CLEVELAND — For the first time since 2016, the Cleveland Indians are entering a new season as something other than the defending American League Central Division champions.

What's more is that the team that dethroned the Indians last season isn't the only one in the division to have improved this offseason.

If the betting odds are to be believed, Cleveland enters 2020 in what will likely be a three-team race to win the A.L. Central. At +150 odds, the defending champion Minnesota Twins are the betting favorite, while the Indians (+240) and Chicago White Sox (+300) trail behind.

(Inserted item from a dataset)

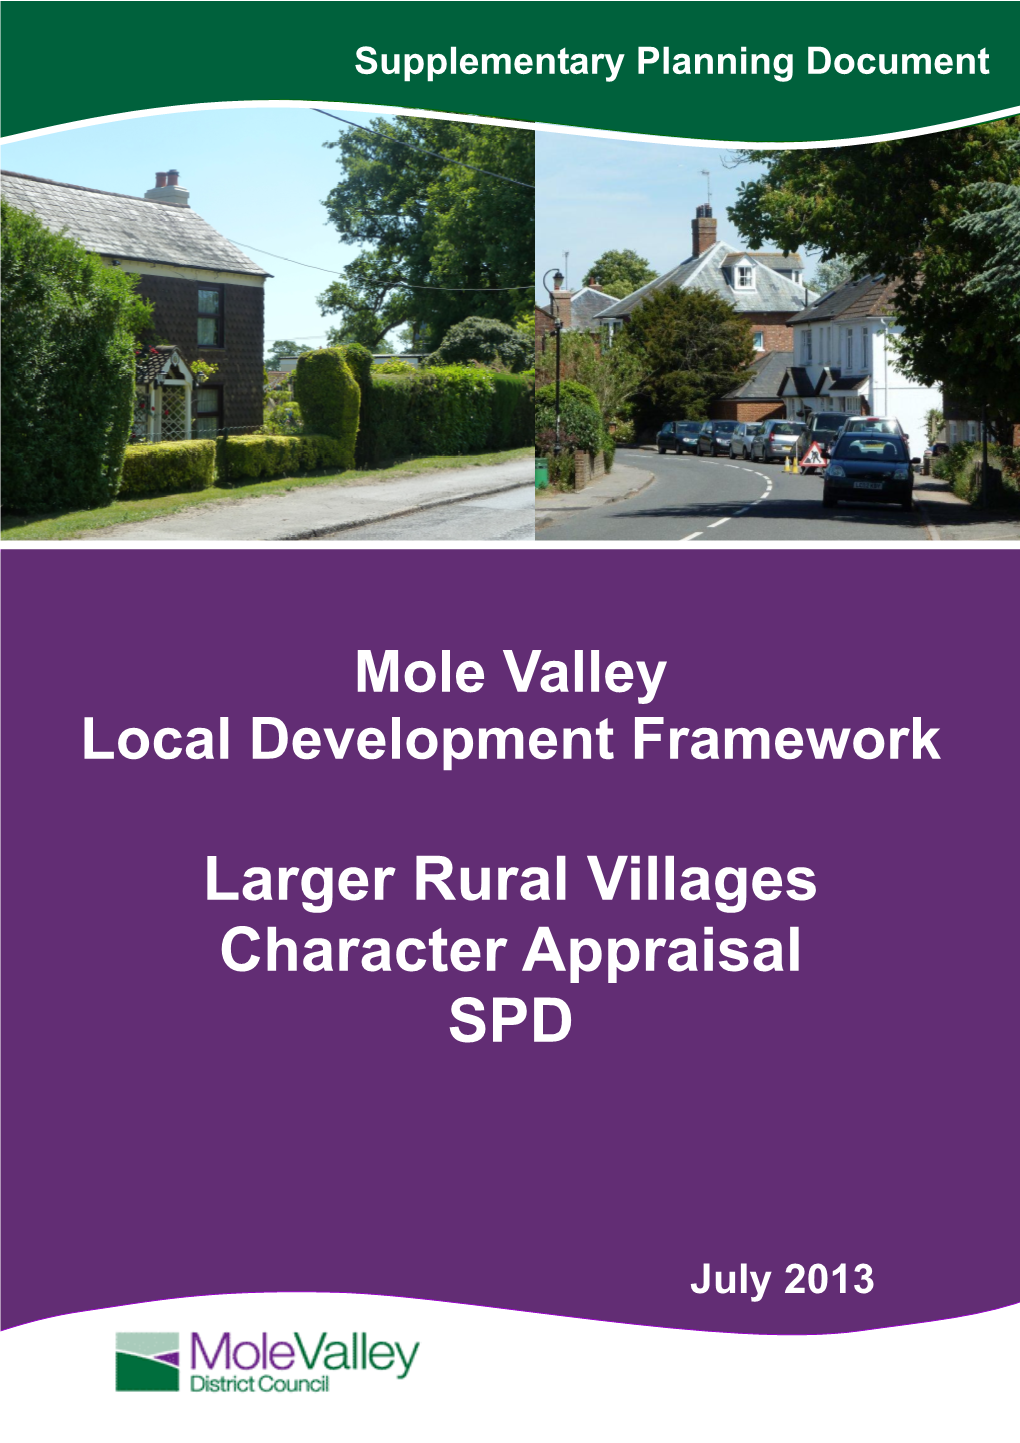 Larger Rural Villages Character Appraisals SPD Contents

After winning the division with a 101-61 record in 2019, Minnesota bolstered its lineup by signing former MVP Josh Donaldson this offseason. The White Sox, meanwhile, have been one of baseball's most active teams, signing catcher Yasmani Grandal, pitcher Dallas Keuchel and designated hitter Edwin Encarnacion.

As for Cleveland, replacing Jason Kipnis with Cesar Hernandez at second base should be an upgrade. But the Indians also traded 2-time Cy Young Award winner Corey Kluber and don't currently appear to be in the running to re-sign Yasiel Puig.

Speaking to 3News' Jay Crawford and Betsy Kling at the team's annual TribeFest, Indians president Chris Antonetti discussed his team's standing in its division. And while he acknowledged the improved nature of the A.L. Central, he insisted that the Indians are up to the task.

"Those teams are really good teams," Antonetti said. "The Twins won 101 games last year, they're bringing back a lot of those guys and made some significant additions this offseason, so we expect them to be good. And the White Sox had a really good group of young players and have now added a lot of talent on top of that. So we expect it to be a really competitive division, but we feel like we're ready for that competition and are up for the challenge."

While 2019 marked the first time in four years Cleveland missed the playoffs, Cleveland still amassed a 93-69 record despite suffering a slew of injuries to key players. And although Antonetti acknowledged the significance of Kluber's departure, he also said such trade wouldn't be possible if not for the promising state of the Indians' roster -- in particular, its pitching staff.

"That was a difficult decision we had to make with Corey," Antonetti said. "If we didn't feel great about the group of guys that we have, led by Carlos Carrasco, Shane Bieber and Mike Clevinger, we wouldn't have been able to make a trade like that. We feel that group of guys is ready to step in and absorb not only Corey's  contributions on the field, but his incredible leadership off the field."

Pointing to the addition of speedy outfielder Delino DeShields Jr. -- who was acquired in the Kluber trade -- Antonetti also said that the Indians are uniquely equipped to take advantage of baseball's new roster rules, which allow teams to carry an extra position player. And when asked which player he's most excited to watch in 2020, Antonetti gave the nod to the other player the Tribe acquired from the Texas Rangers for Kluber: 21-year-old relief pitcher Emmanuel Clase.

"He just happens to have one of the most unique pitches in baseball. He throws 100 miles per hour and it's not straight," Antonetti said. "We're excited to see how that plays out and we think he's got a chance to really help us in the back end of the bullpen."